In other words, to know or remember or feel something as an autistic person is not a subjective experience. It is, rather, a matter of fact.

I cannot recall if Andrew ever had the hidden toy test. But throughout his childhood there were a series of meetings, odd questions, games, expert heads nodding. It was clear: My son was, in their lexicon, mind blind -- unable to process the "otherness" of people ... or the "peopleness" of others. Add to this the evidence that he had problems with both perspective and pronouns when he started speaking again. "The boy is cold," Andrew might say, when he himself was shivering. "You smell," he once told me, even as he was pointing to his baby brother whose diaper needed to be changed.

By the time he'd reached adolescence, most of these problems were gone. Andrew had been through speech therapy, where he was trained in pronominal relationships -- I, you, he -- and I'd spent several years pointing out to him that there were also things he knew that the rest of us didn't. Square roots, exact latitudes and longitudes, his private thoughts. Tentatively, Andrew began locating himself in the universe, figuring out where he left off and everything else began.

Then this God thing cropped up -- an echo, I decided, of all the old problems. Whereas Andrew had learned to differentiate his thoughts from mine or his teacher's, he didn't seem to understand where he ended and God began, or which of the two was speaking to the other.

Not that there actually was a God, of course. The daughter of two 1960s intellectuals who had forsaken religion to marry, I knew better. The second time Andrew talked of God, I grew uncomfortable; it smacked of ignorance and foolish hope.

"Where did he hear this nonsense?" I asked my husband as we lay down at night. "It's not like we're taking him to some weird church where people speak in tongues."

He shrugged, shaking the bed. "I don't know. My parents?"
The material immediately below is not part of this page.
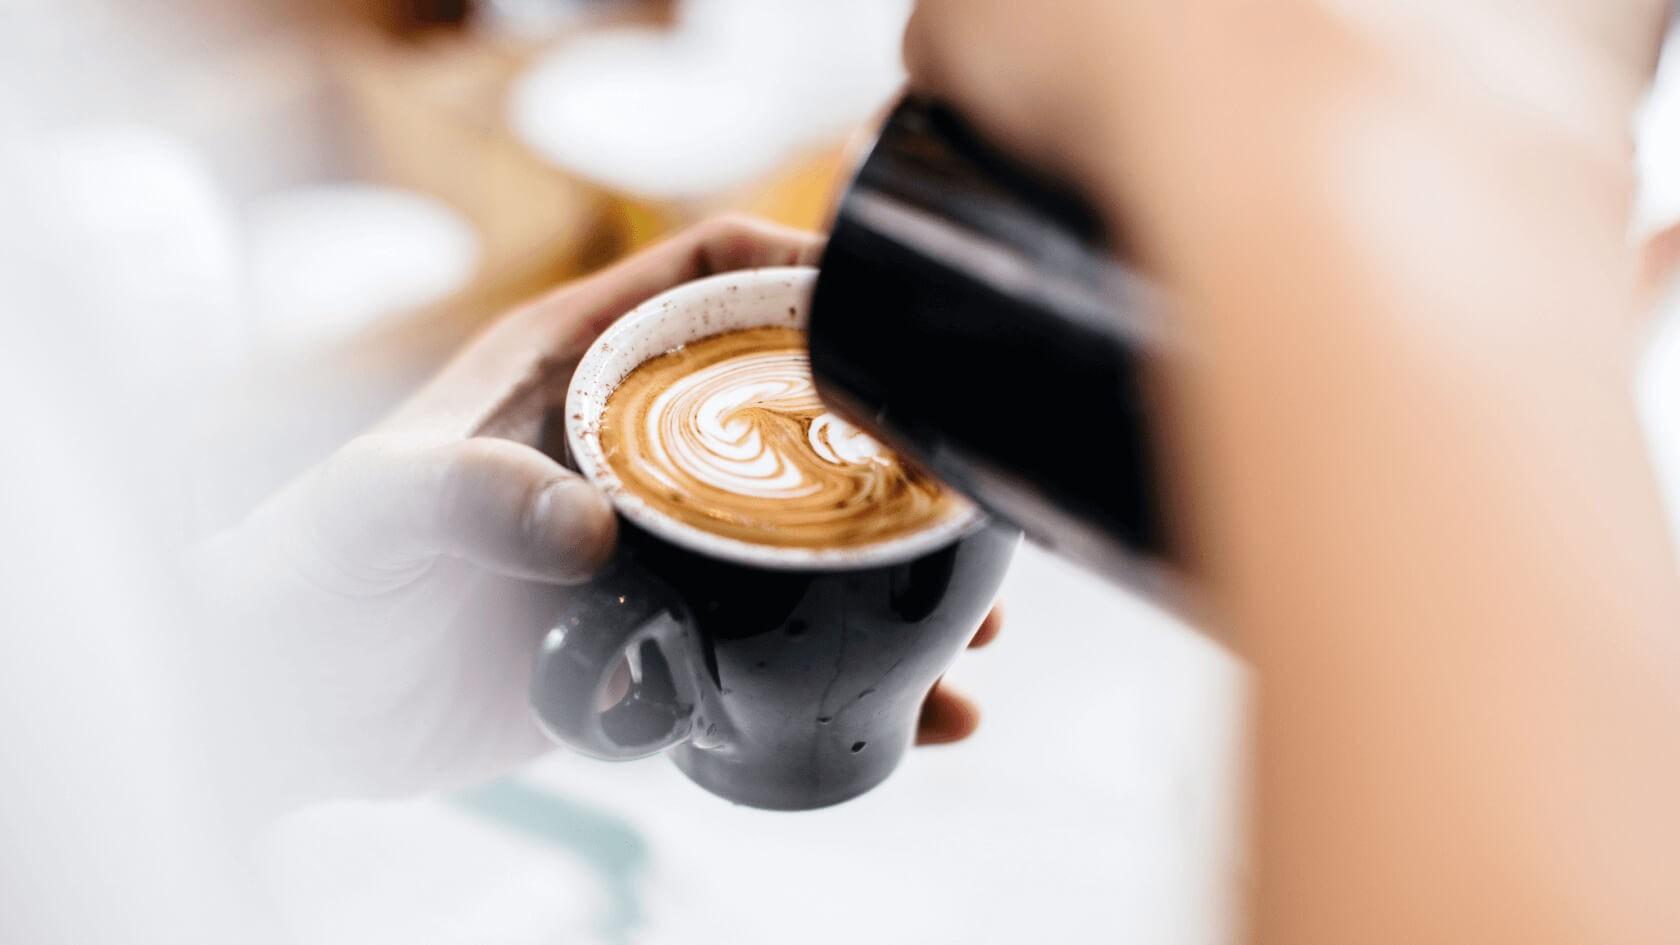 Auf einem Cappuccino beziehungsweise Kaffee wird mit Milchschaum ein Muster kreiert.

It was true that my in-laws would sometimes take Andrew with them to Mass on Easter or Christmas. It was beautiful, they argued. And I agreed that Andrew might enjoy the choir and stained glass and twinkling lights. But to my mind, Catholicism was simply theater. It had nothing to do with God. Something else must be going on.

"Do you think this could be a sign of something bad?" I pressed on. "Some sort of delusion or hallucination? I think we should take him to see a psychiatrist."

"Leave him alone." My husband's voice was low, but his words were firm. "If you start taking Andrew to shrinks, they'll just fuck with his head. Besides, he can do all sorts of other cool stuff. Maybe he really does hear God. Who are we to say?"

This was the sort of crazy that made me love the man, despite his drunken bouts. Autism, my husband insisted, was only a way for other people to quantify what was special -- better -- about Andrew. Albert Einstein didn't speak until he was 3; Leonardo da Vinci was eccentric as a child. Our son was destined for greatness, too. Under the cover of darkness, my husband could always make me believe.

Then daylight came and I considered the facts. Moses, the prophet of my once-Jewish father, supposedly saw a burning bush and heard God's voice telling him to lead the children of Israel out of Egypt. Jesus, the savior of my husband's youth, is believed by Christians all over the world to have wandered into a temple at the age of 12, where he heard the word of God and began a life of martyrdom. Mohammed, restorer of divine faith according to the world's Muslims, reportedly grew disenchanted with life in Mecca, retreated to a cave in middle age, and received a series of revelations.

Not a single one of these guys would have passed the hidden toy test, I thought. Each had withdrawn from society in some queer and antisocial way. Yet, they all had followers, while my son was labeled and sent off to special ed.

Andrew spoke of God casually from time to time, as if he were hearing from an old friend. We'd be having a conversation and he would mention what God "wanted." These pronouncements boiled down to the usual -- less killing and war, kindness for all the animals -- plus a few very specific requests. Andrew was supposed to eat fewer cookies after dinner. His father should stop drinking so much.

God was smart, I noted, yet nothing changed. My husband did not quit going on benders, and eventually we divorced. I ran out of money, which forced me to pick up my three kids and move where the jobs were. Andrew and his brother and sister were dragged through three school districts; the younger two were resilient, but Andrew grew quieter and fell increasingly behind.

Utterly alone in the tiny Rhode Island village where his siblings both found friends, Andrew was a tall, willowy 15-year-old who spoke only haltingly and lurked behind our rental house, looking toward the woods as if he would find something there. God was no longer making appearances. I tried weekend trips to Vermont and clubs at the YMCA, but Andrew grew more and more remote.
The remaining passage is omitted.